- [Exercise data]:

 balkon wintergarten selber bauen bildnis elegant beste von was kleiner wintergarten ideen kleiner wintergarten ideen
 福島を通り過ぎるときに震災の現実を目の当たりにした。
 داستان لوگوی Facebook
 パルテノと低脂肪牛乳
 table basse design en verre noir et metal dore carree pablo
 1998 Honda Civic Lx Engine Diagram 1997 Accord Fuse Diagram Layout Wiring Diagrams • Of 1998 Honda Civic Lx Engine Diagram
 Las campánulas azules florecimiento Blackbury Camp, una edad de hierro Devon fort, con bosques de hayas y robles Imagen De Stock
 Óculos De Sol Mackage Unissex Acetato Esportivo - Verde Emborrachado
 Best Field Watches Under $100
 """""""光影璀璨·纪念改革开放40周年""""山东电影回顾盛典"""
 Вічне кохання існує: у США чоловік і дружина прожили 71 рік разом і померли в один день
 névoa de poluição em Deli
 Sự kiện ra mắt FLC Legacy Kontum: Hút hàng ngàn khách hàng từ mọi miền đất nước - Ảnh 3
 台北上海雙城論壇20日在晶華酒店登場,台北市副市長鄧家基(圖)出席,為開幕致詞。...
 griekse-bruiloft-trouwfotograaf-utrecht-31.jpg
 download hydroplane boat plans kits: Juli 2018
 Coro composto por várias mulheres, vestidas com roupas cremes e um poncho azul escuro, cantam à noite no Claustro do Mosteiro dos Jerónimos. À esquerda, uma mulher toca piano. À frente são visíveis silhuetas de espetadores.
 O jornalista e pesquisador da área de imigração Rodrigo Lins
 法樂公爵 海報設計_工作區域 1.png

- [Problem to work on]: Restate the material word for word, keeping every line intact.

- [Task result]:
 balkon wintergarten selber bauen bildnis elegant beste von was kleiner wintergarten ideen kleiner wintergarten ideen
 福島を通り過ぎるときに震災の現実を目の当たりにした。
 داستان لوگوی Facebook
 パルテノと低脂肪牛乳
 table basse design en verre noir et metal dore carree pablo
 1998 Honda Civic Lx Engine Diagram 1997 Accord Fuse Diagram Layout Wiring Diagrams • Of 1998 Honda Civic Lx Engine Diagram
 Las campánulas azules florecimiento Blackbury Camp, una edad de hierro Devon fort, con bosques de hayas y robles Imagen De Stock
 Óculos De Sol Mackage Unissex Acetato Esportivo - Verde Emborrachado
 Best Field Watches Under $100
 """""""光影璀璨·纪念改革开放40周年""""山东电影回顾盛典"""
 Вічне кохання існує: у США чоловік і дружина прожили 71 рік разом і померли в один день
 névoa de poluição em Deli
 Sự kiện ra mắt FLC Legacy Kontum: Hút hàng ngàn khách hàng từ mọi miền đất nước - Ảnh 3
 台北上海雙城論壇20日在晶華酒店登場,台北市副市長鄧家基(圖)出席,為開幕致詞。...
 griekse-bruiloft-trouwfotograaf-utrecht-31.jpg
 download hydroplane boat plans kits: Juli 2018
 Coro composto por várias mulheres, vestidas com roupas cremes e um poncho azul escuro, cantam à noite no Claustro do Mosteiro dos Jerónimos. À esquerda, uma mulher toca piano. À frente são visíveis silhuetas de espetadores.
 O jornalista e pesquisador da área de imigração Rodrigo Lins
 法樂公爵 海報設計_工作區域 1.png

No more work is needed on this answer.